CANADA FX DEBT-Commodity-linked loonie slides to 9-month low on coronavirus panic

 (Adds strategist quotes and details throughout; updates prices)
    * Canadian dollar falls 0.1% against the greenback
    * Loonie hits its weakest since June 2019 at 1.3465
    * Price of U.S. oil tumbles nearly 5%
    * Canada's 2-year yield falls to its lowest since July 2017

    By Fergal Smith
    TORONTO, Feb 28 (Reuters) - The Canadian dollar weakened to
a nine-month low against the greenback on Friday as concerns
rose about the impact of the coronavirus outbreak on Canada's
commodity-linked economy and data showed barely any growth in
the fourth quarter.
    At 3:39 p.m. (2039 GMT), the Canadian dollar          was
trading 0.1% lower at 1.3408 to the greenback, or 74.58 U.S.
cents. The currency touched its weakest intraday level since
June, last year at 1.3465.
    For the week, the loonie fell 1.4%, its biggest weekly
decline in more than a year, while it was down 1.3% for the
month. 
    "The bears have come out of hibernation and are rampaging
through the currency markets at the moment and certainly taking
a negative view on the outlook for the Canadian economy," said
Karl Schamotta, chief market strategist at Cambridge Global
Payments.
    Canada runs a current account deficit and is a major
exporter of commodities, including oil, so its economy could be
hurt by a slowdown in the global flow of trade or capital.
    The coronavirus panic sent world stock markets and the price
of oil tumbling. U.S. crude oil futures        settled nearly 5%
lower at $44.76 a barrel.                         

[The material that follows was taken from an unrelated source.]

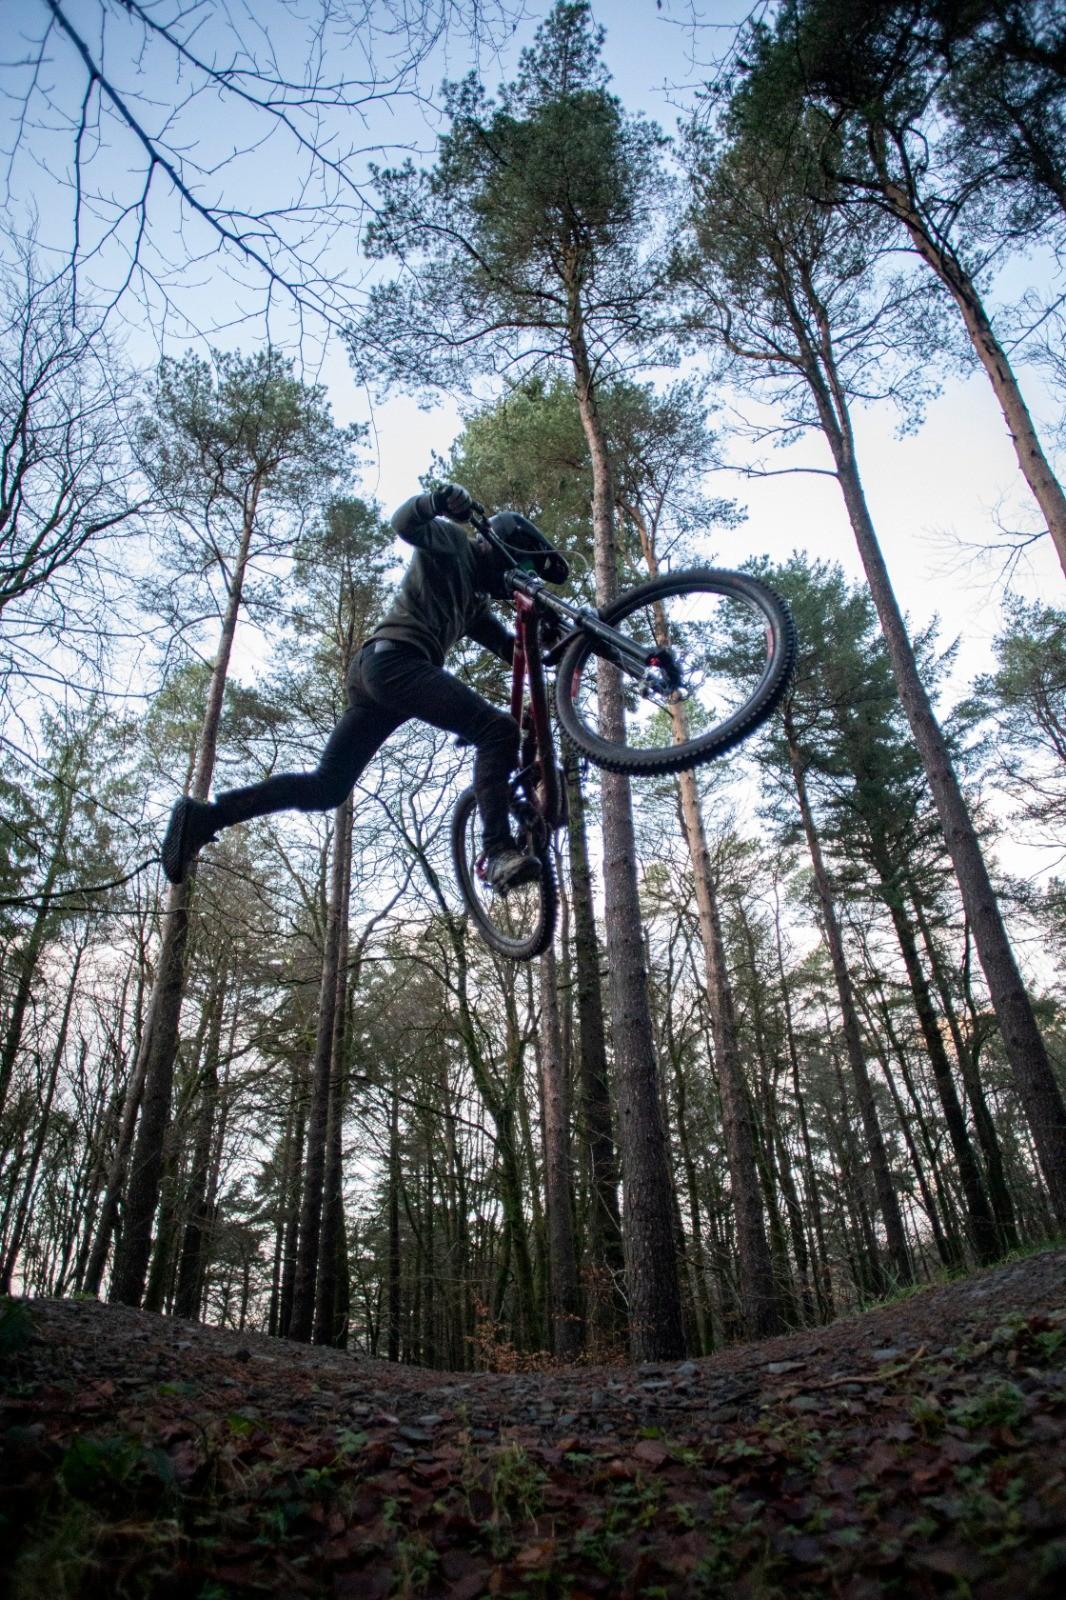 2369E1AF-16E2-41CD-87C2-7068196B0F11 - martin dunn - Mountain Biking Pictures - Vital MTB

    Canada's economic growth slowed to an annualized rate of
0.3% in the fourth quarter, the worst performance in almost four
years, due in part to strikes, bad weather and shutdowns,
Statistics Canada said. The number matched both the forecast of
analysts in a Reuters poll as well as the Bank of Canada's
prediction.             
    Chances of a Bank of Canada interest rate cut next Wednesday
have climbed to about 65% from less than 20% one week ago, data
from the overnight index swaps market showed.           
    Speculators have raised their bullish bets on the Canadian
dollar for the first time in five weeks, data from the U.S.

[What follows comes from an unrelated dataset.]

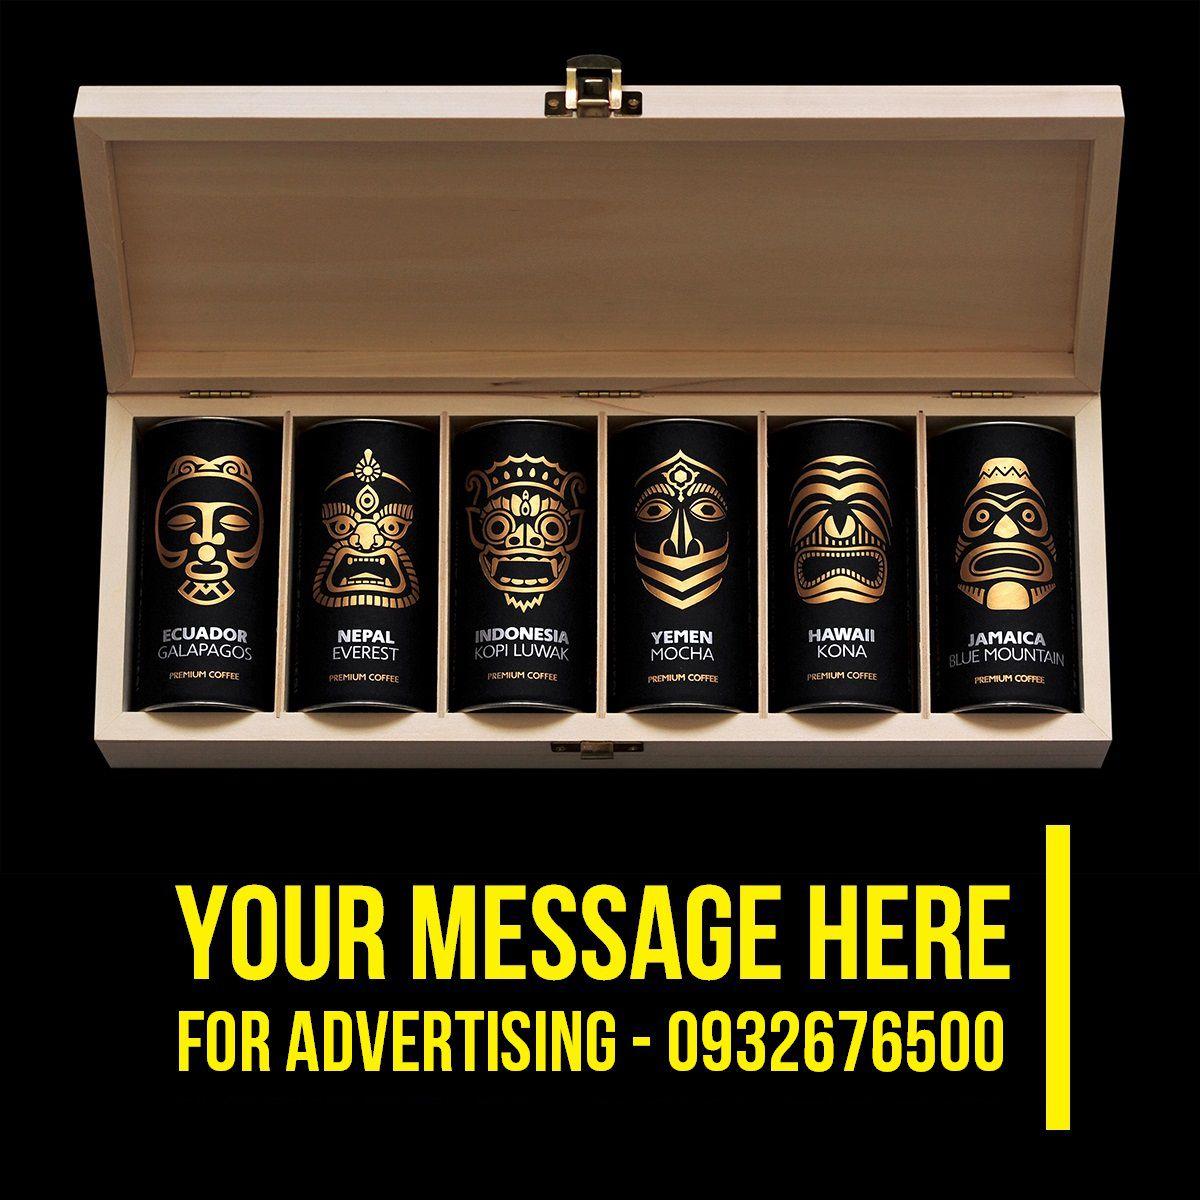 z[khoinghiepcafe.com] ad message

Commodity Futures Trading Commission and Reuters calculations
showed. As of Feb. 25, net long positions had increased to
14,624 contracts from 7,817 in the prior week.   
    Canadian government bond yields fell across a steeper yield
curve in sympathy with U.S. Treasuries. The two-year yield
declined 9.6 basis points to 1.152%, its lowest since July 2017.
    The gap between Canada's two-year yield and its U.S.
equivalent widened by 13.7 basis points to a spread of 28.2
basis points in favor of the Canadian bond, its biggest gap
since January 2015.

 (Reporting by Fergal Smith; Editing by David Gregorio)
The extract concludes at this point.